From the listing below, give again exactly the lines from the line with "2020-community-partners-banner" to the line with "saint laurent leopard", ends included, without any pictures.

** Supplied records **
*** Begin section ***

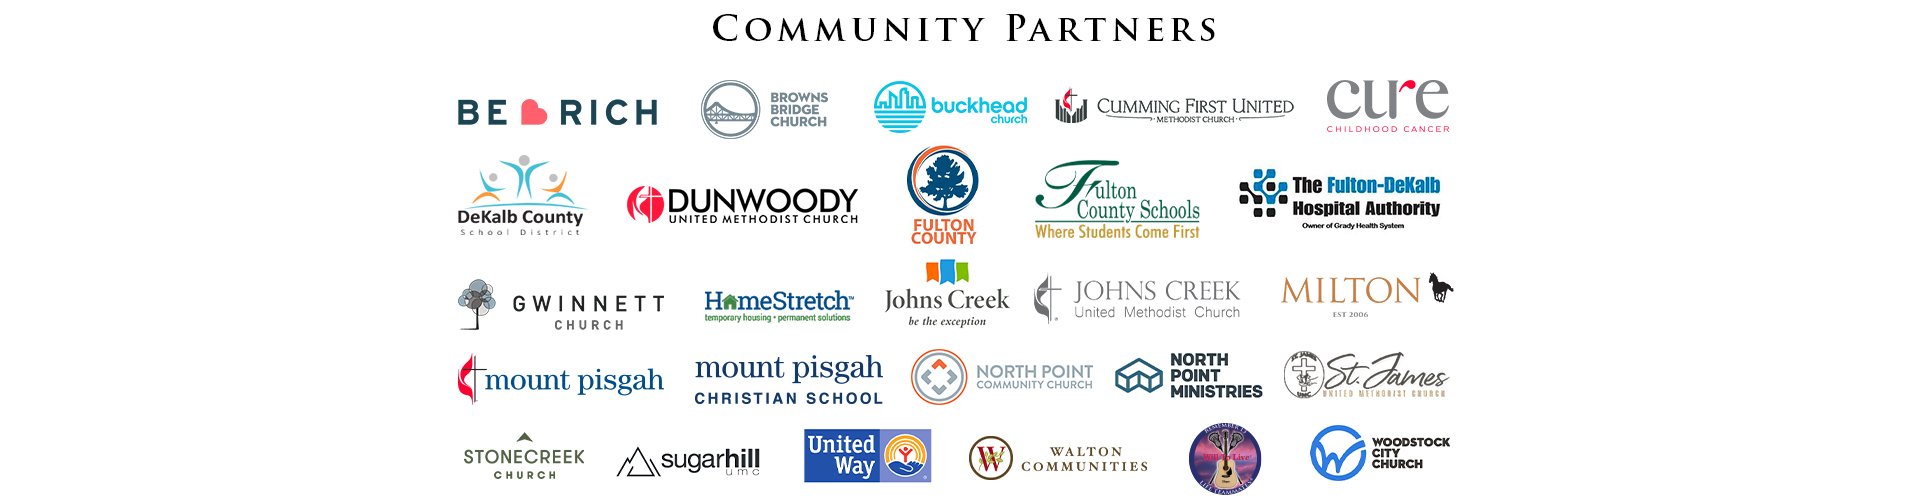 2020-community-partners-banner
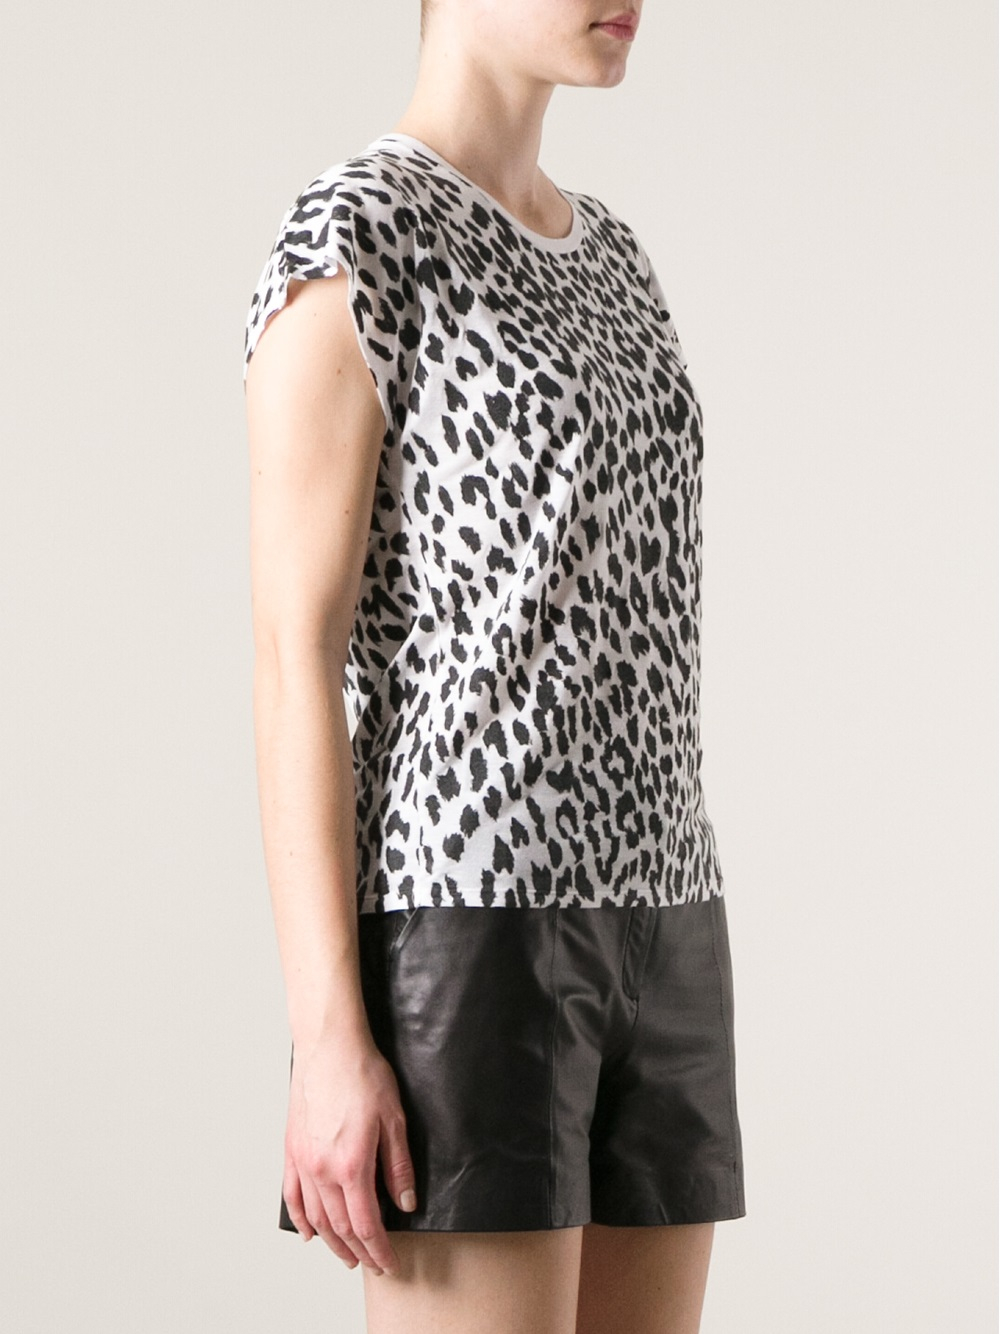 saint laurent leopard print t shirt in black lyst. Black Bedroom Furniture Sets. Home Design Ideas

*** End section ***
*** Begin section ***

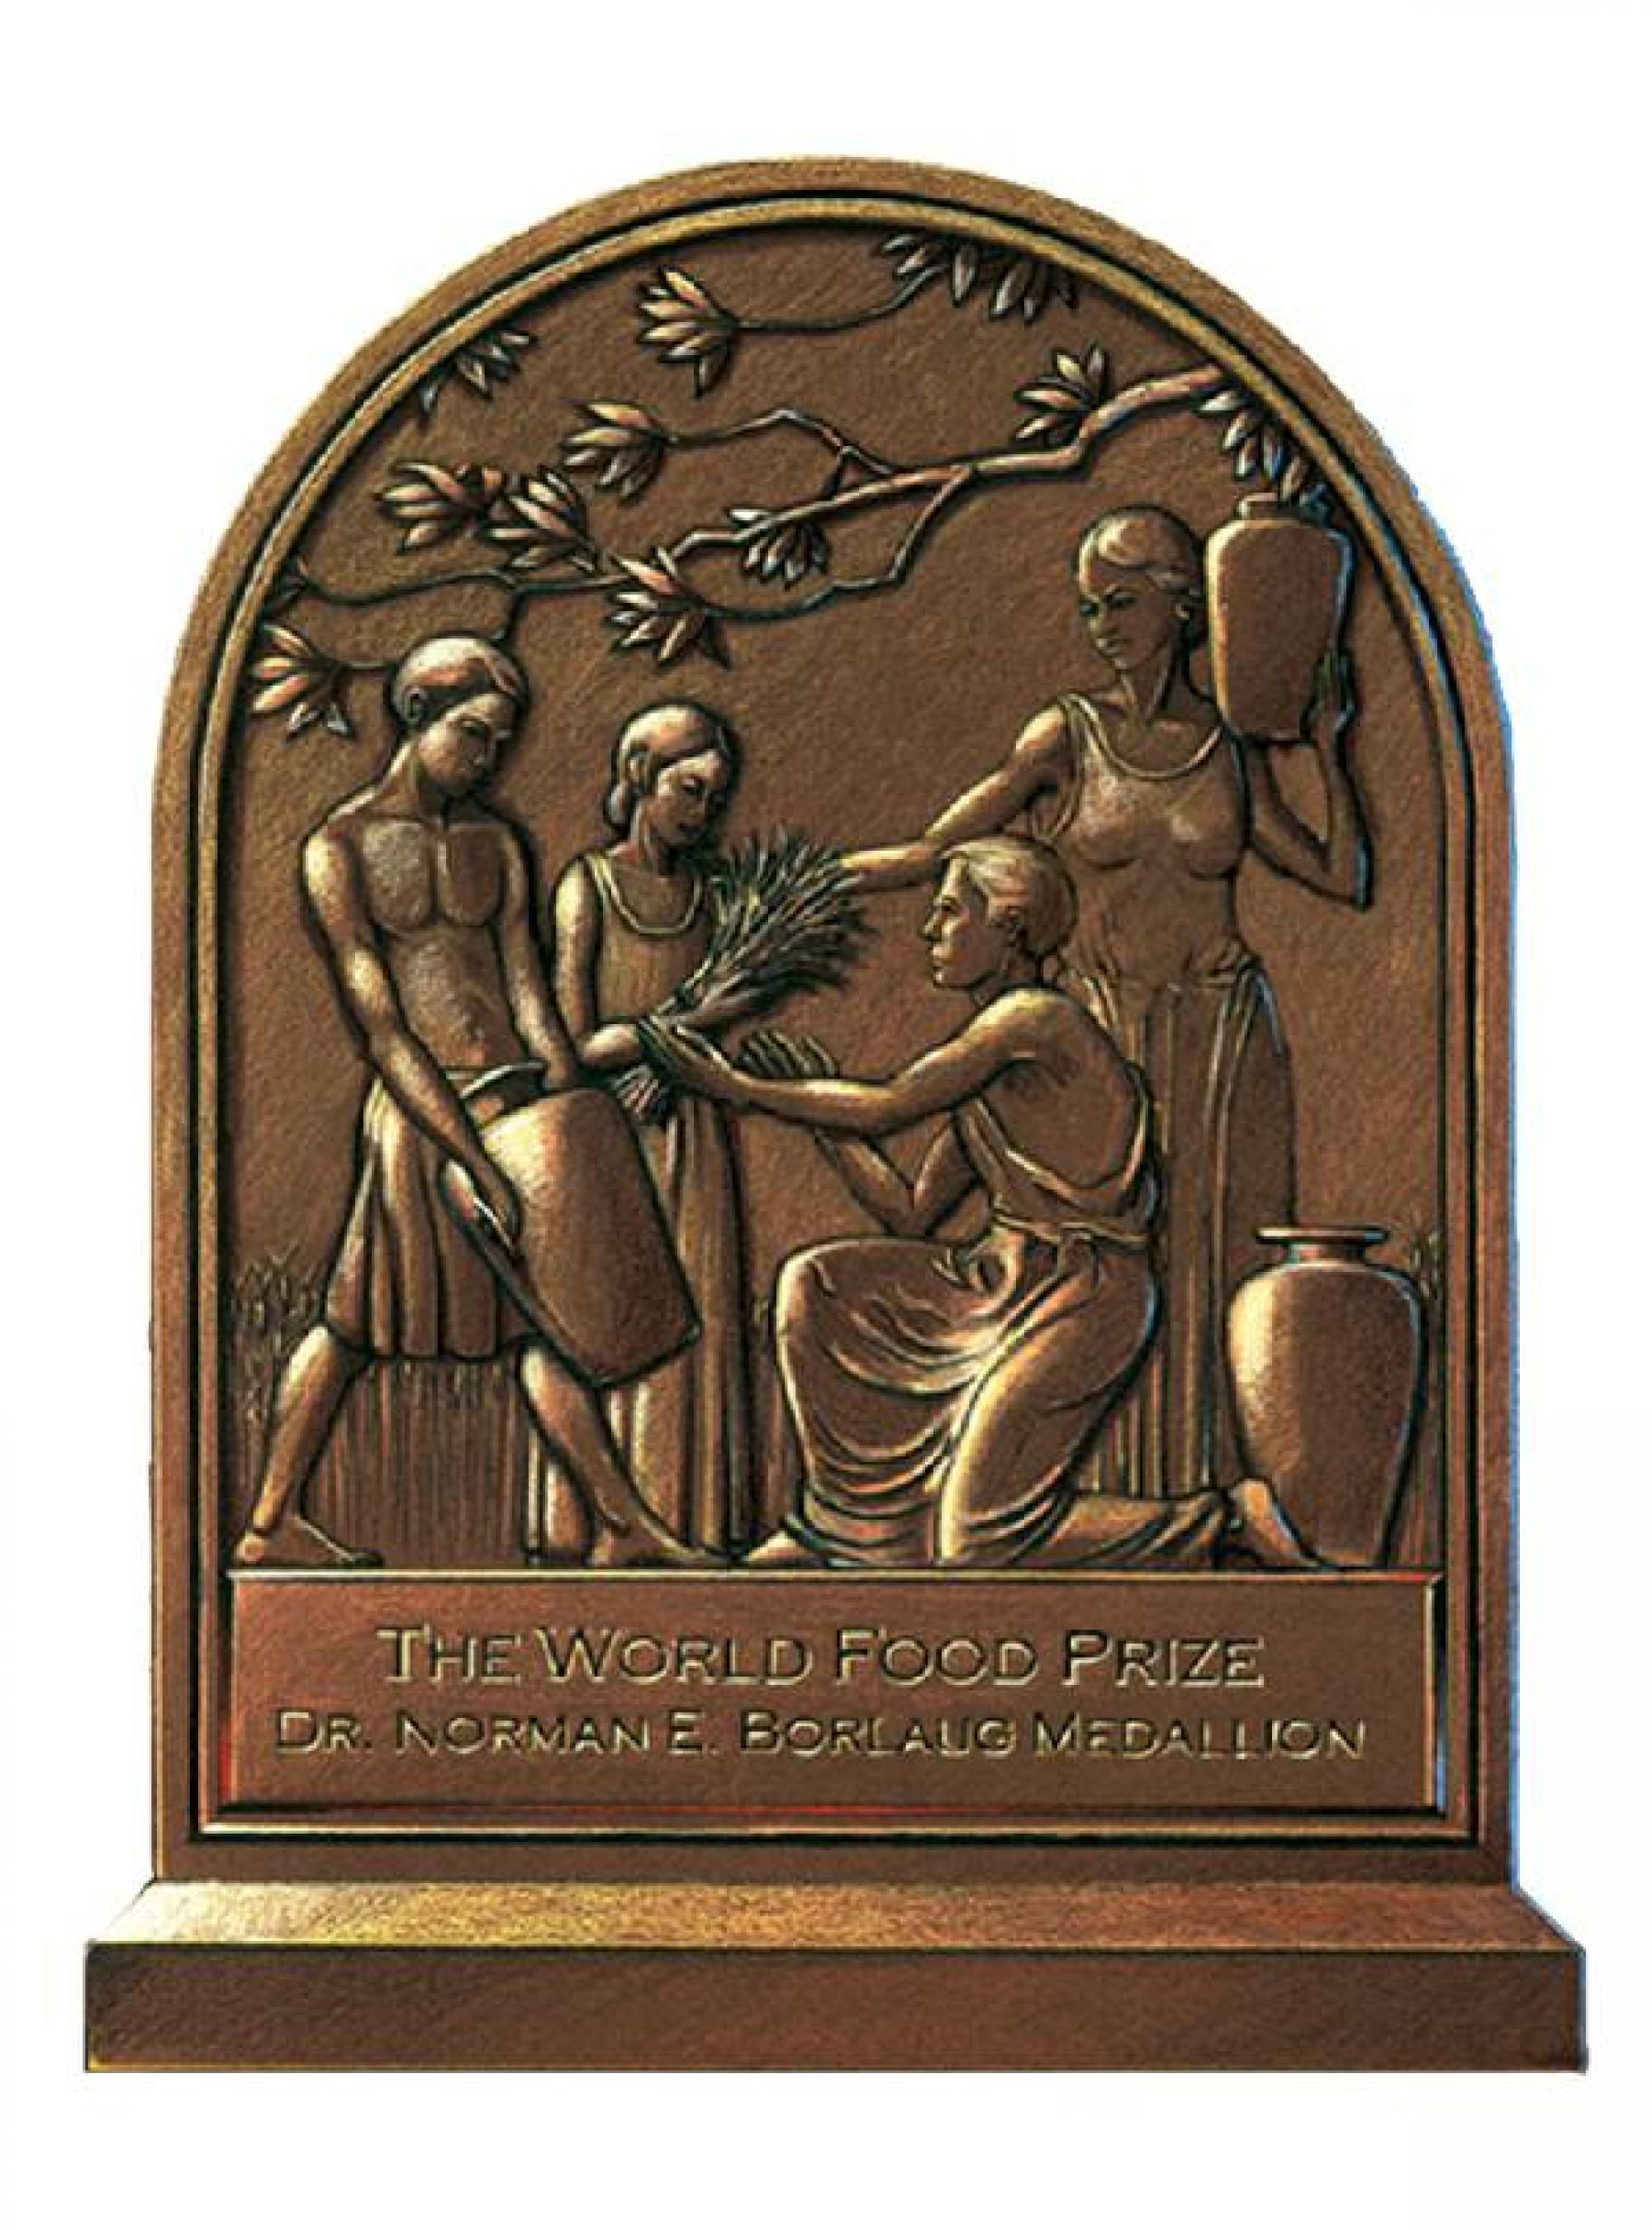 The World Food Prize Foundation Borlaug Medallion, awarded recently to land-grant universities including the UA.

*** End section ***

** Written answer **
 2020-community-partners-banner
 saint laurent leopard print t shirt in black lyst. Black Bedroom Furniture Sets. Home Design Ideas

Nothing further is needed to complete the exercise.